= GIVEN DATA =
☆ ☆ ☆ ☆ ☆ ☆ ☆

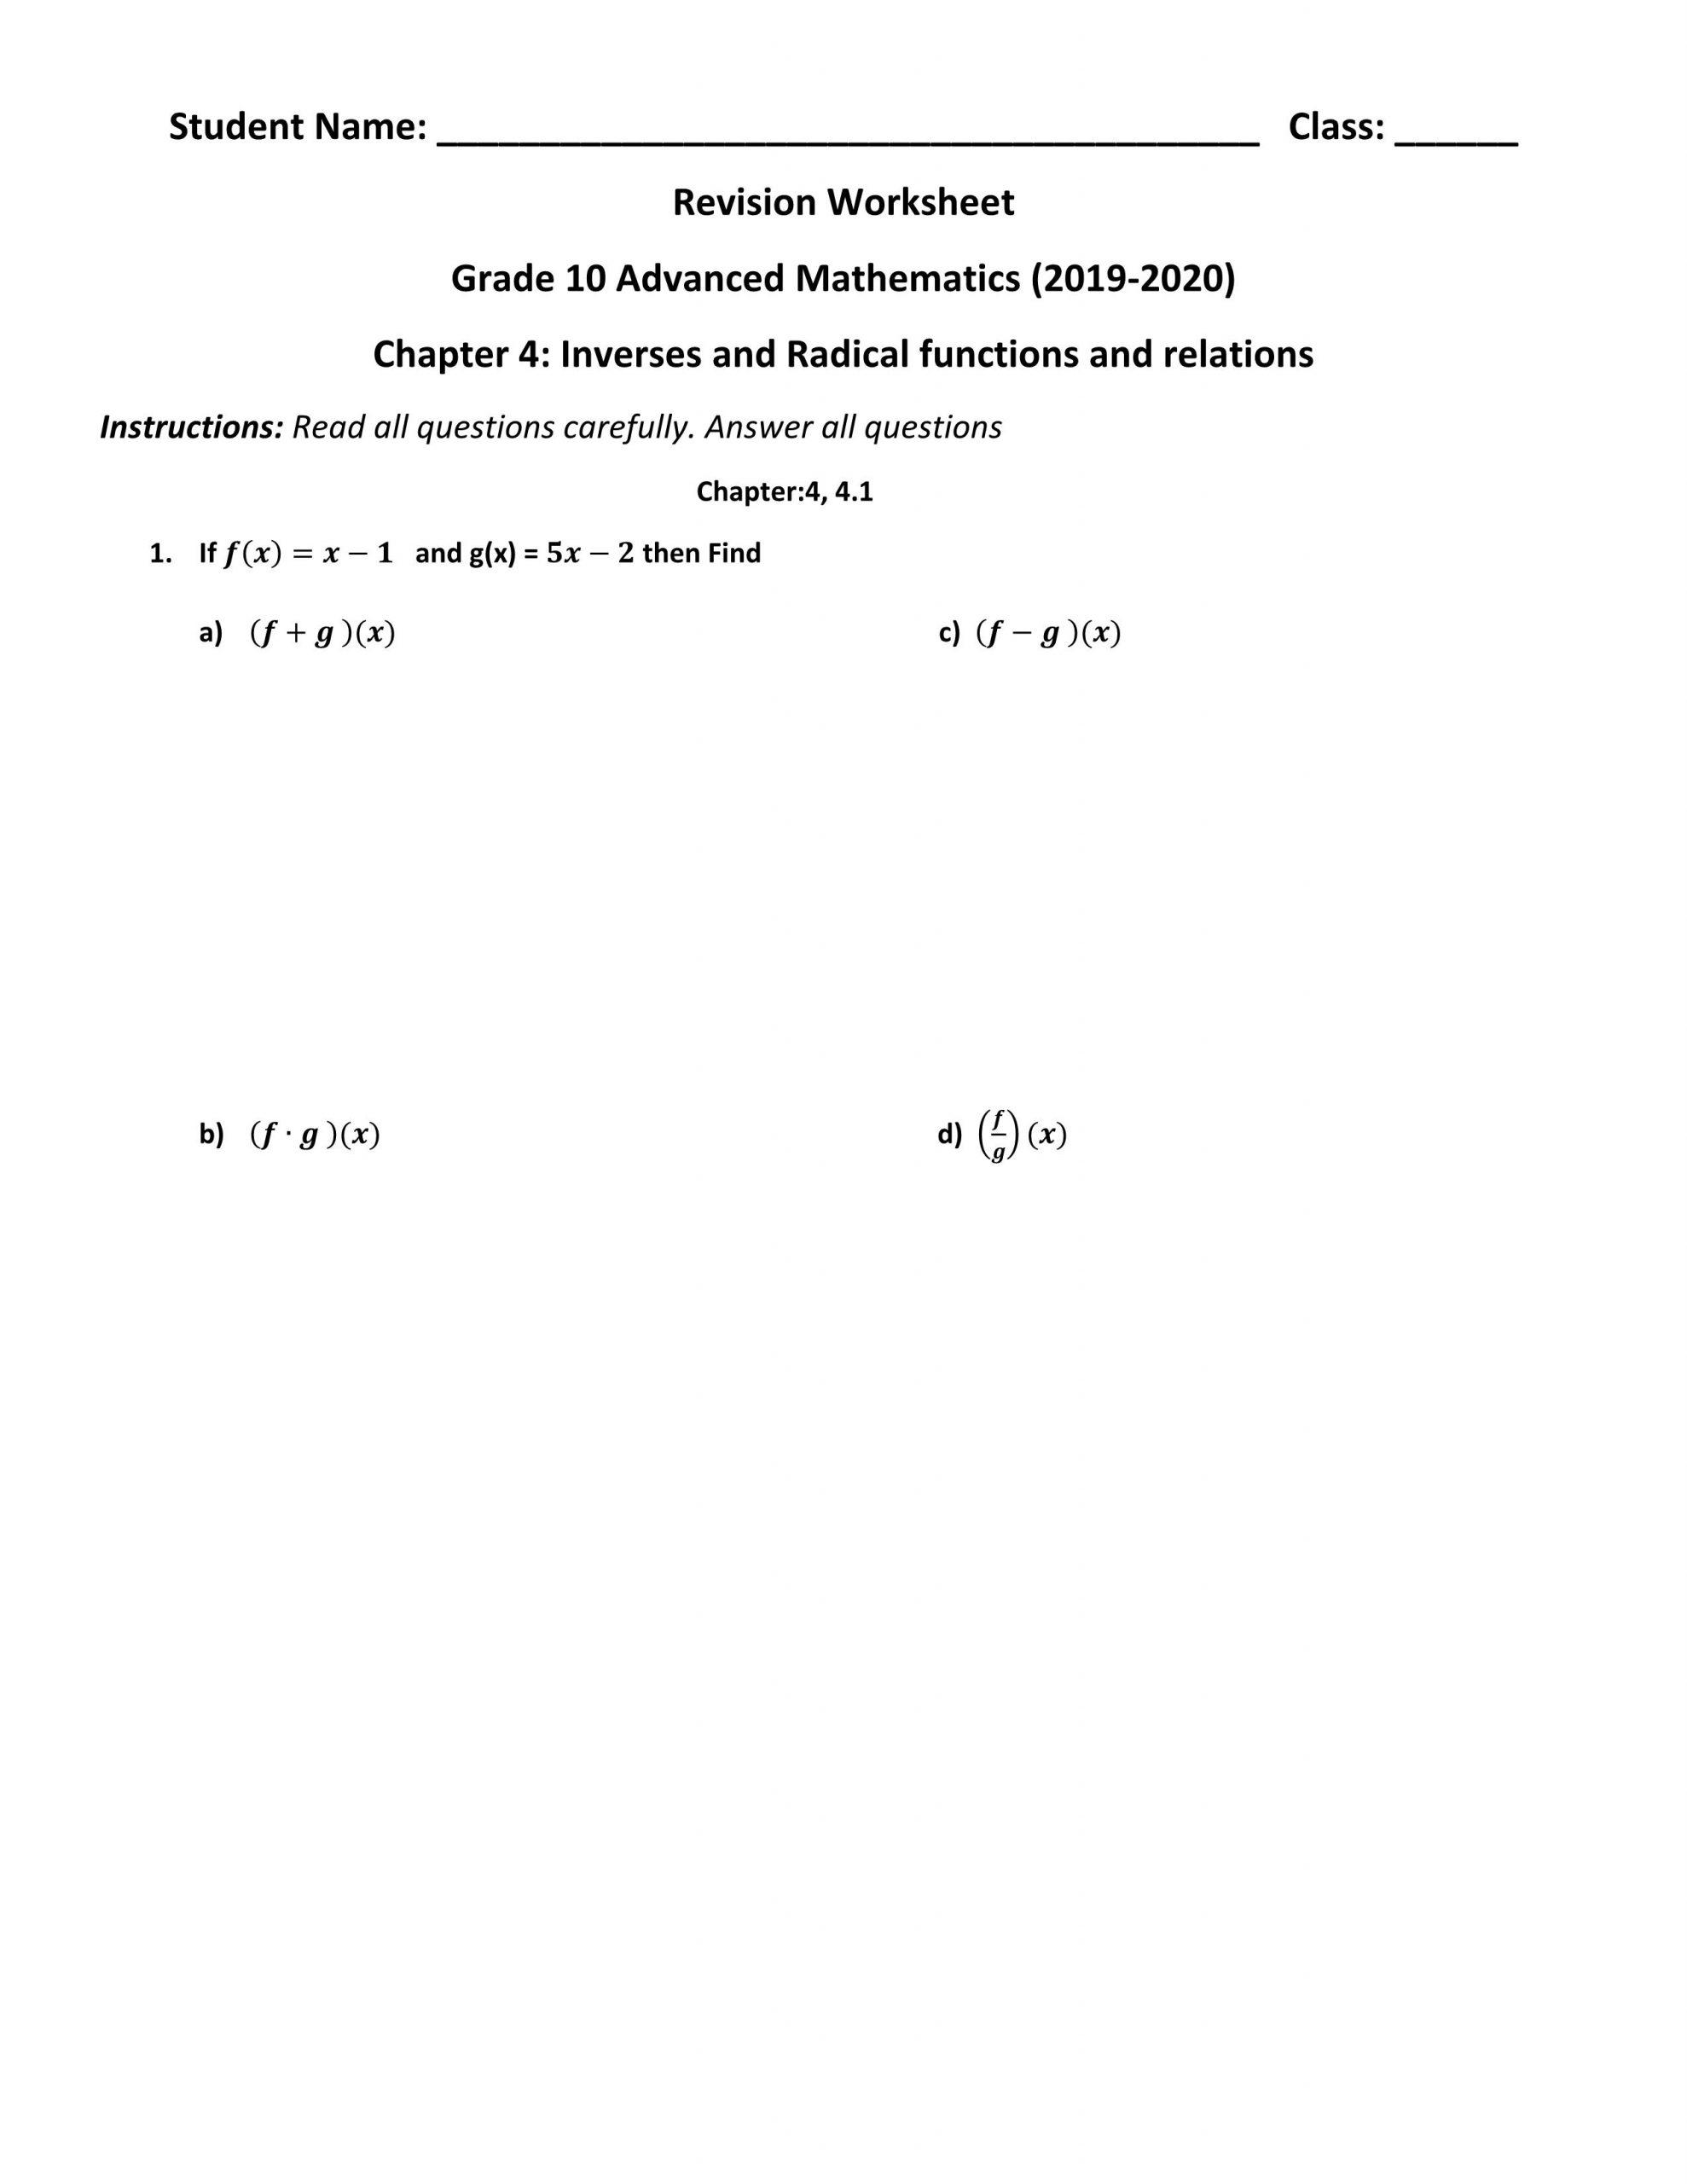 اوراق عمل الوحدة الرابعة بالانجليزي الصف العاشر متقدم مادة الرياضيات المتكاملة
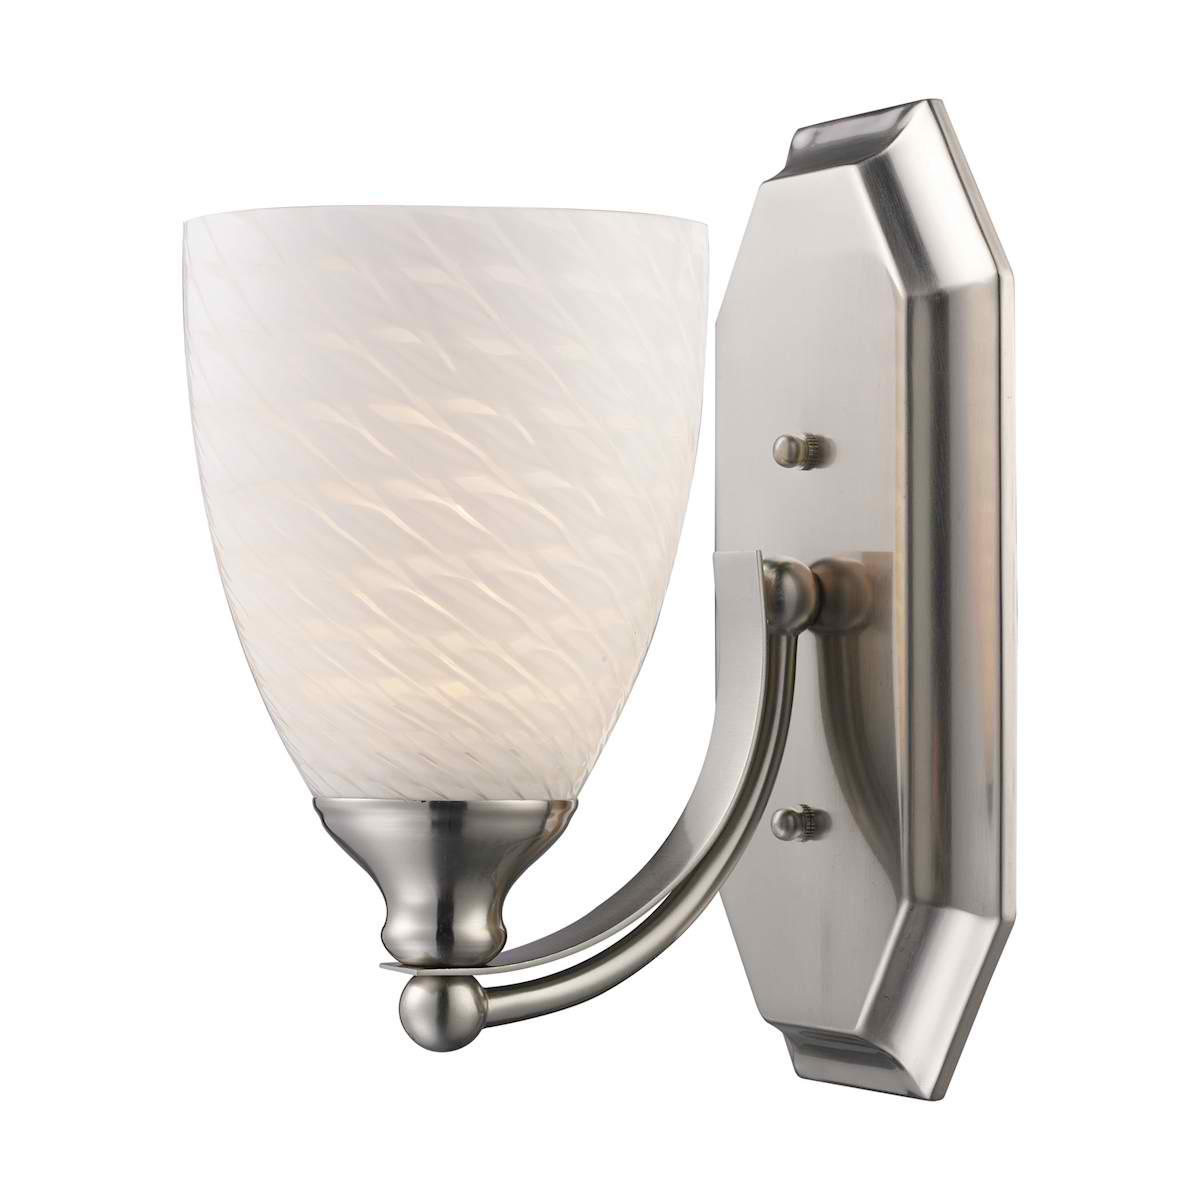 Vanity 1 Light Satin Nickel with White Swirl Glass
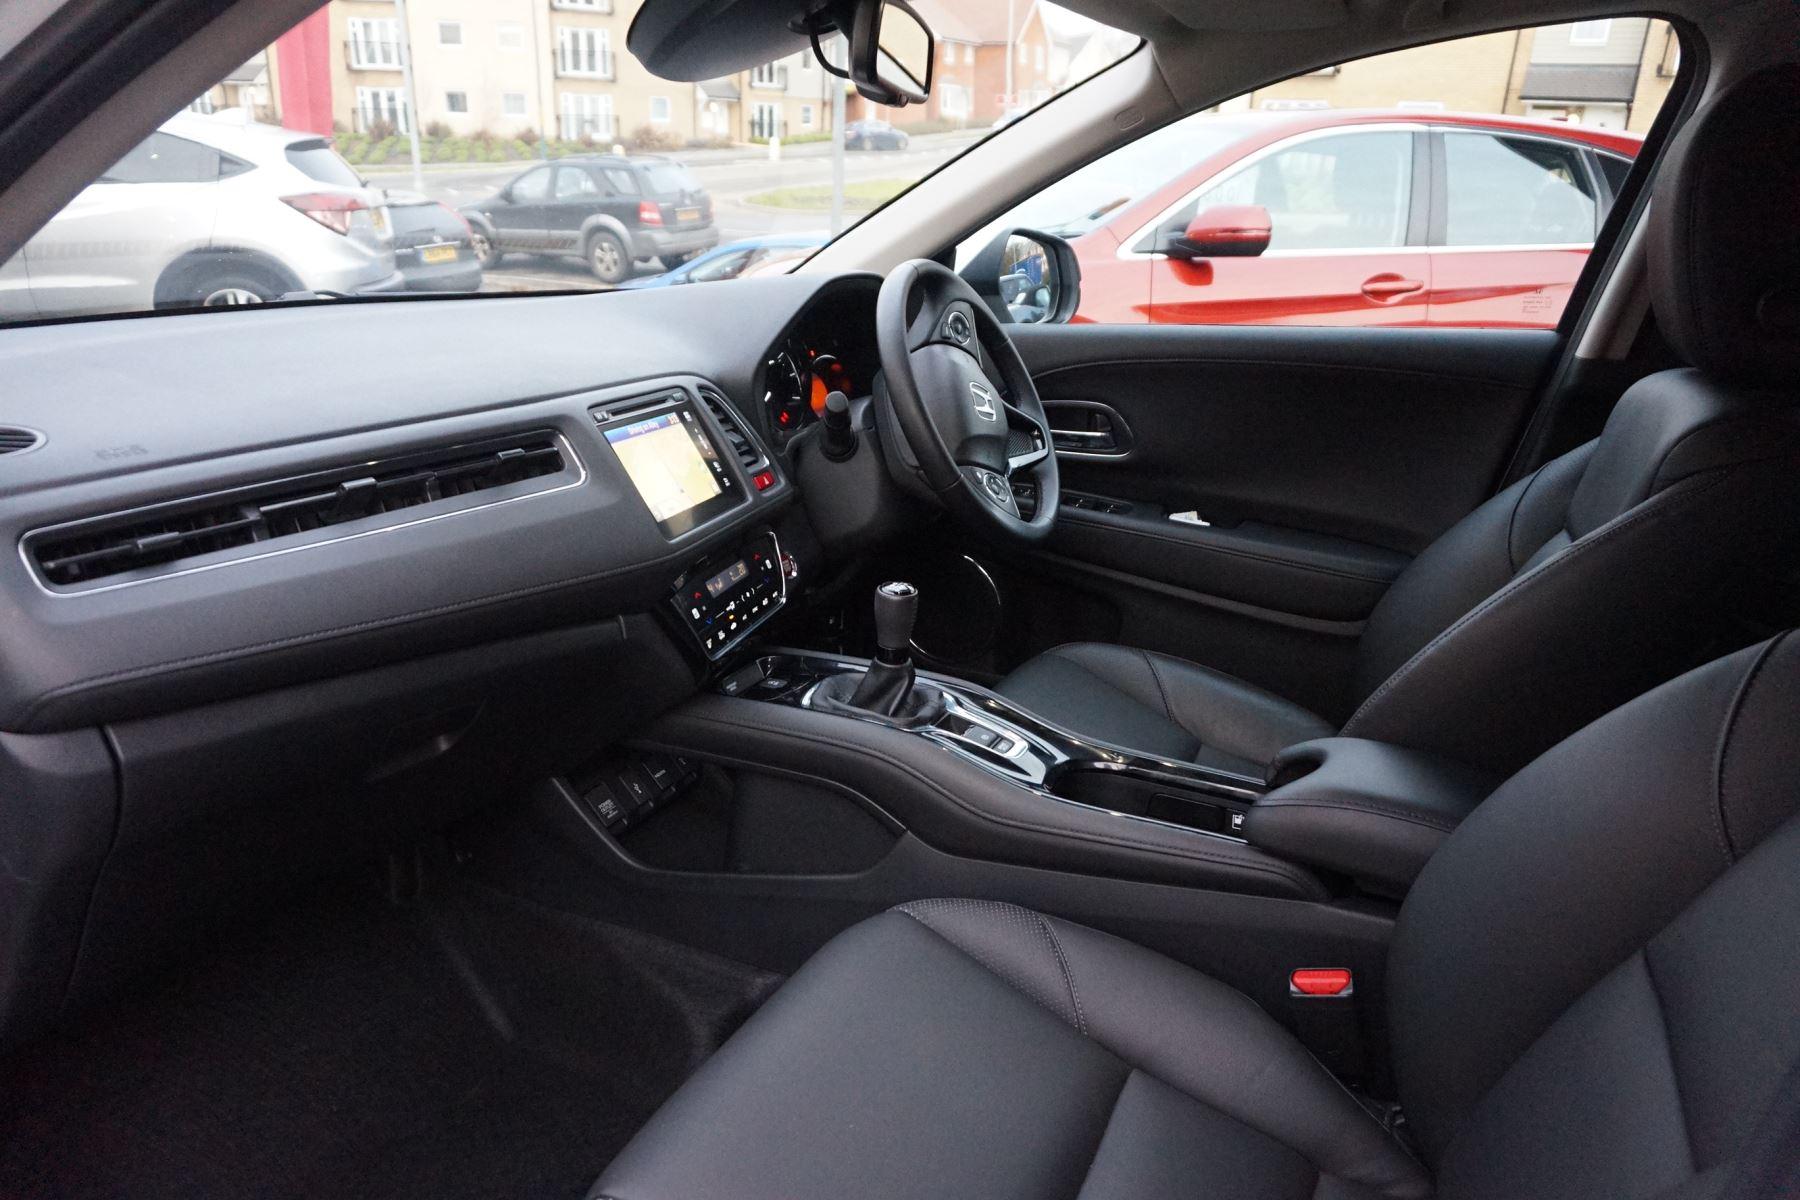 Honda HR-V 1.6 i-DTEC EX 5dr image 8

☆ ☆ ☆ ☆ ☆ ☆ ☆

= PROBLEM DESCRIPTION =
Output the data verbatim, images excluded.

= ANSWER AREA =
 اوراق عمل الوحدة الرابعة بالانجليزي الصف العاشر متقدم مادة الرياضيات المتكاملة
 Vanity 1 Light Satin Nickel with White Swirl Glass
 Honda HR-V 1.6 i-DTEC EX 5dr image 8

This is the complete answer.